Dimensions are as follows:
total garage size: 6 x 4.5 metres (20 x 15')
total platform area: 3 x 4.5 m (10 x 15')
The platform is only in half of the garage space. However, to make the space above the platform more usable, I will need to remove atleast 4 consecutive rafter ties. There are a total of 14 rafter ties across the entire garage, and 1 'massive' rafter tie in the middle of the garage (3x10'') which connects the main structural rafter, which in turn holds the purlin. The other 14 smaller rafter ties are 2 x 3'' timbers, and are spaced around 40cm apart (1'6'') on each rafter, i.e. one rafer tie for each rafter.
So my question is: is it possible to remove four of these smaller rafter ties? and what can I do to compensate?

From what I understand, collar ties will not really help, but perhaps they will be better than nothing, and prevent the roof from sagging a little.

The other idea I had was to put in 'side legs' in place of the rafter ties, and also tie in the rafters to the purlin, thus preventing the rafters from slipping and losing it's 'triangularness'. These 'side legs' would connect from the platform to the purlin, so as to support the purlin, so as to counter-act the weight of the rafter above. The link to photo below sort of gives an indication of the 'side leg' approach:

http://t1.gstatic.com/images?q=tbn:...IV-Elc&t=1&usg=__a_nr24vwIeWzQoG7JuF9s_xX-pQ=

unfortunately, my floor joists do not connect to the rafters, thus cannot act as rafter ties, so I will need an alternative to supporting the rafters once I remove the rafter ties.

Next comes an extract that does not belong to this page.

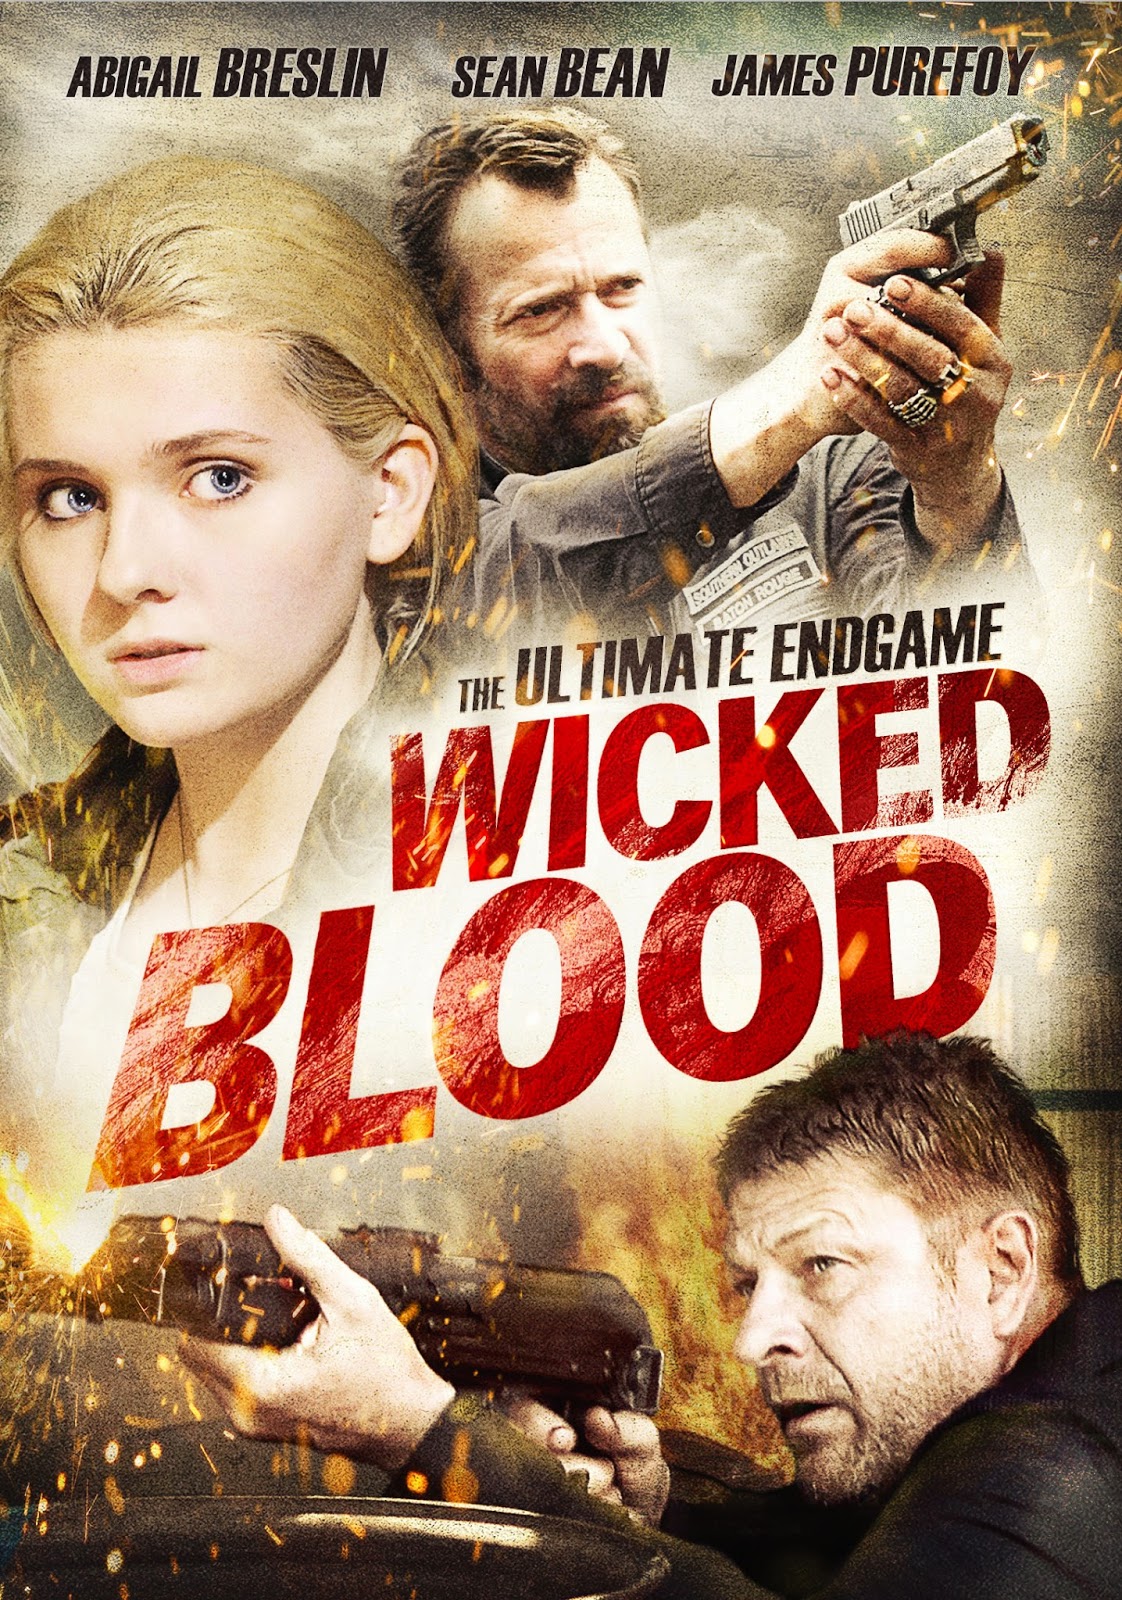  فیلم سینمایی Wicked Blood به کارگردانی Mark Young

Other dimensions of this build are as follows ( platform timbers):
so far I have used two main beams to support the platform each 4.5m spans, using 2x9' timbers. These main beams are supported by the brick walls using joist hangers - each hanger can support 6.7kN, according to the manufacturer. On top of these spans I have laid (at 20cm intervals) 3m lengths of 2x3' timbers. On top of this is some plywood flooring. All in all, this is not a super strong structure, but I might re-inforce it if I need to take addtional load from the roof, if/when i take out some of my rafter ties. Only 4 rafter ties need to be taken out, so hopefully this won;t weaken the roof too much.

Many thanks for taking the time to read this post, and hope to hear back your suggestions,

Neil


----------